The CC Cellularose Moisturising Cream?


----------



## elegant-one (Mar 24, 2017)

By Terry Glow Expert Duo Stick - Tutorial - YouTube

I just bought all 3! They look so natural & glowy.


----------



## elegant-one (Mar 25, 2017)

I also got that new Sulwhasoo makeup balancer in Pink shade 1. So far, I really like it. It gives the skin a beautiful flawless look with light to medium radiance.Not a sheen but a healthy skin glow. Makeup goes on over it nicely.


----------



## Icecaramellatte (Mar 25, 2017)

elegant-one said:


> By Terry Glow Expert Duo Stick - Tutorial - YouTube
> 
> I just bought all 3! They look so natural & glowy.


I have these.  Well 2 anyway.  I wanted all three but Peach one was sold out.
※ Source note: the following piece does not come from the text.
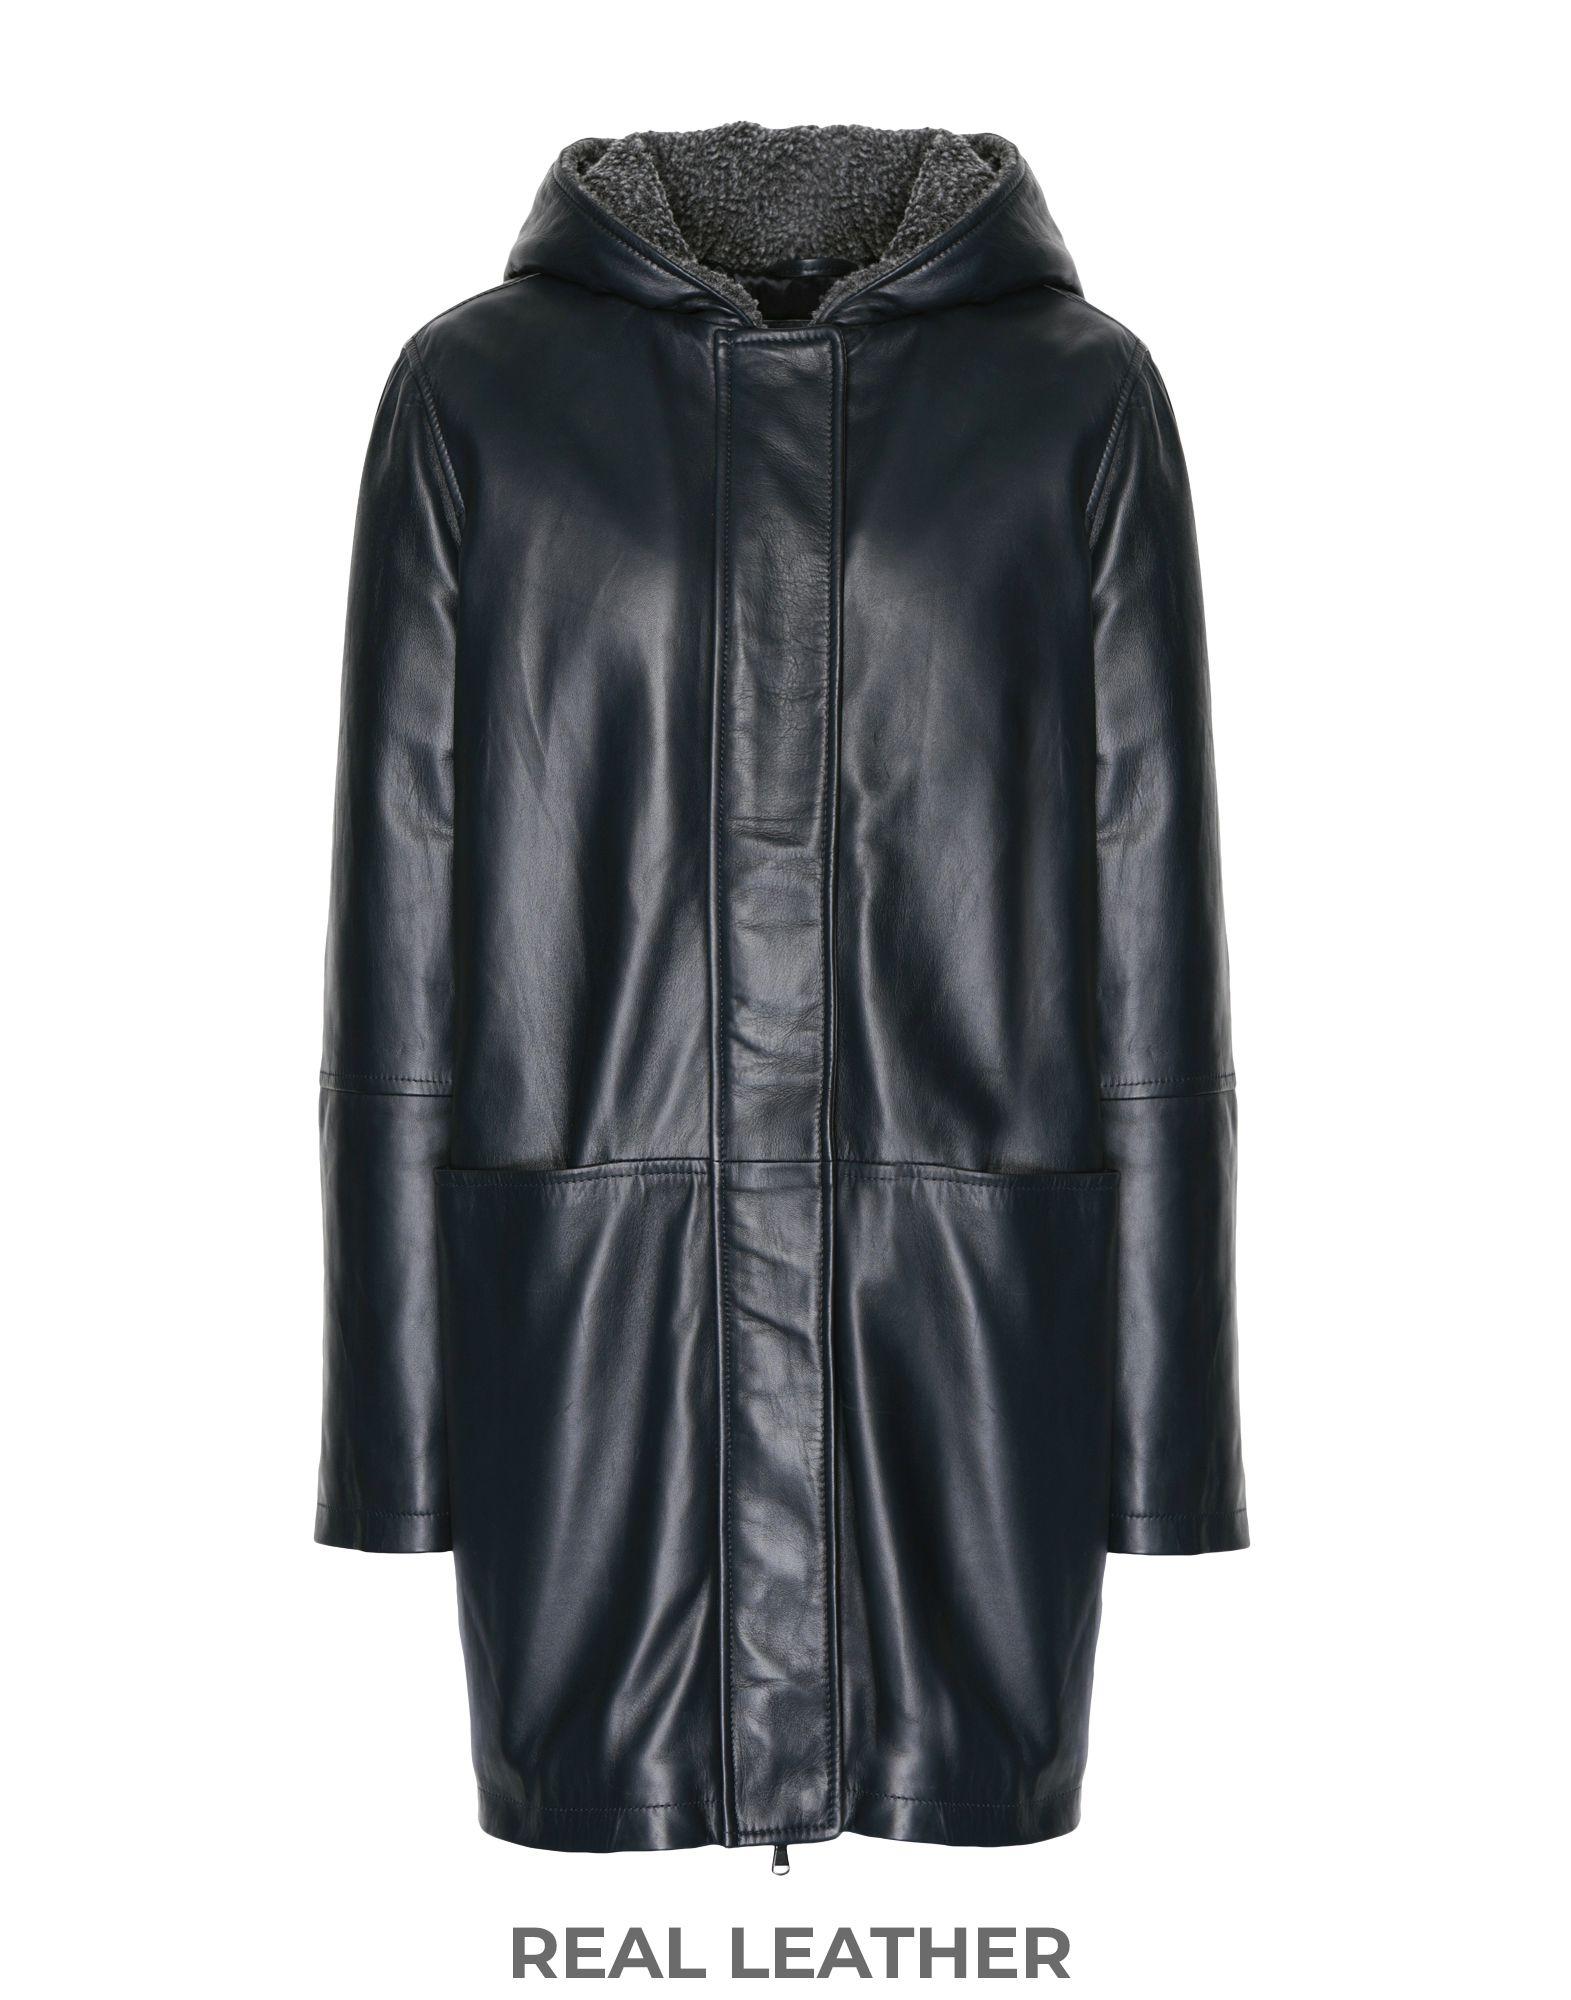 Фото - 8 by YOOX Куртка куртки пальто пуховики coccodrillo куртка для девочки wild at heart

The SA said she would let me know when it came back in stock.  I think I need to just try another retailer.


----------



## Monsy (Mar 25, 2017)

elegant-one said:


> By Terry Glow Expert Duo Stick - Tutorial - YouTube
> 
> I just bought all 3! They look so natural & glowy.



OMG i want the amber one


----------



## elegant-one (Mar 25, 2017)

Monsy said:


> OMG i want the amber one



YES! That amber one is gorgeous!! It's on Nordies. The pink one is BO & the coral/peachy one is SO from a BO.
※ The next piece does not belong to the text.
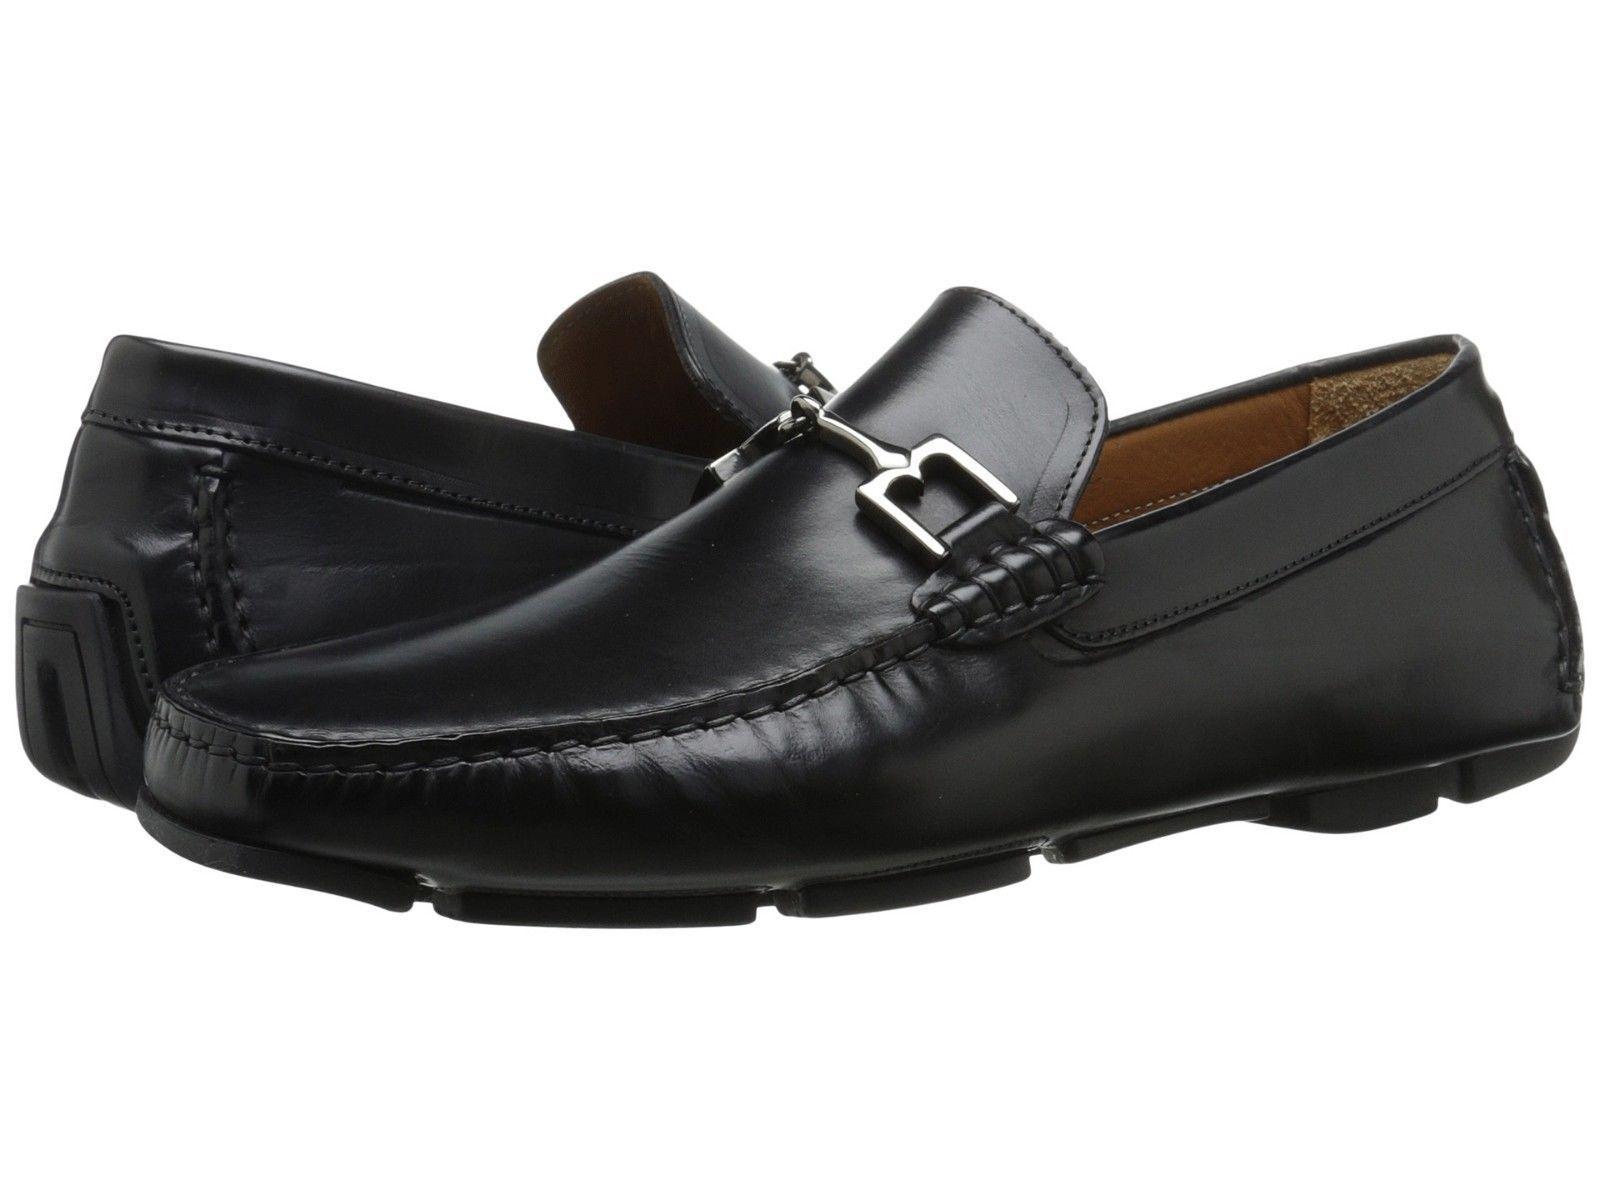 autorizzazione ufficiale Bruno Magli Uomo Monza nero Leather Leather Leather Bit Handmade Italian Loafer Dress Shoe  outlet in vendita

I ordered mine from Dermstore with the 20% off sale! Great buy.


----------



## elegant-one (Mar 25, 2017)

Icecaramellatte said:


> I have these.  Well 2 anyway.  I wanted all three but Peach one was sold out. The SA said she would let me know when it came back in stock.  I think I need to just try another retailer.



What do you think of them?


----------



## elegant-one (Mar 28, 2017)

Ingenue said:


> I love both the Cover Expert (which you can sheer out), and Sheer Expert. I also use the CC Cream RELIGIOUSLY. Best primer ever, and it's like skincare so... WIN! And it smells like heaven. I used it on myself and clients, and they always remark how good their skin looks with just the CC cream. Sometimes I can even get away with wearing it alone with a little pressed powder.




Where are you dear!? lol I NEED more info from you!!! See my above post/question.


----------



## Ingenue (Mar 29, 2017)

elegant-one said:


> Where are you dear!? lol I NEED more info from you!!! See my above post/question.



HI! I'm so sorry... I need to be in this forum more often. I don't have the glow stick things. Was that question meant for me?


----------



## Ingenue (Mar 29, 2017)

elegant-one said:


> The CC Cellularose Moisturising Cream?



Oh here it is! YES. SWEAR BY IT. I have tried my best to use cheaper bases, but honestly this formula is just BEYOND. I use it alone on good skin days and under foundation as a primer. Love this stuff!


----------



## elegant-one (Mar 29, 2017)

Ingenue said:


> Oh here it is! YES. SWEAR BY IT. I have tried my best to use cheaper bases, but honestly this formula is just BEYOND. I use it alone on good skin days and under foundation as a primer. Love this stuff!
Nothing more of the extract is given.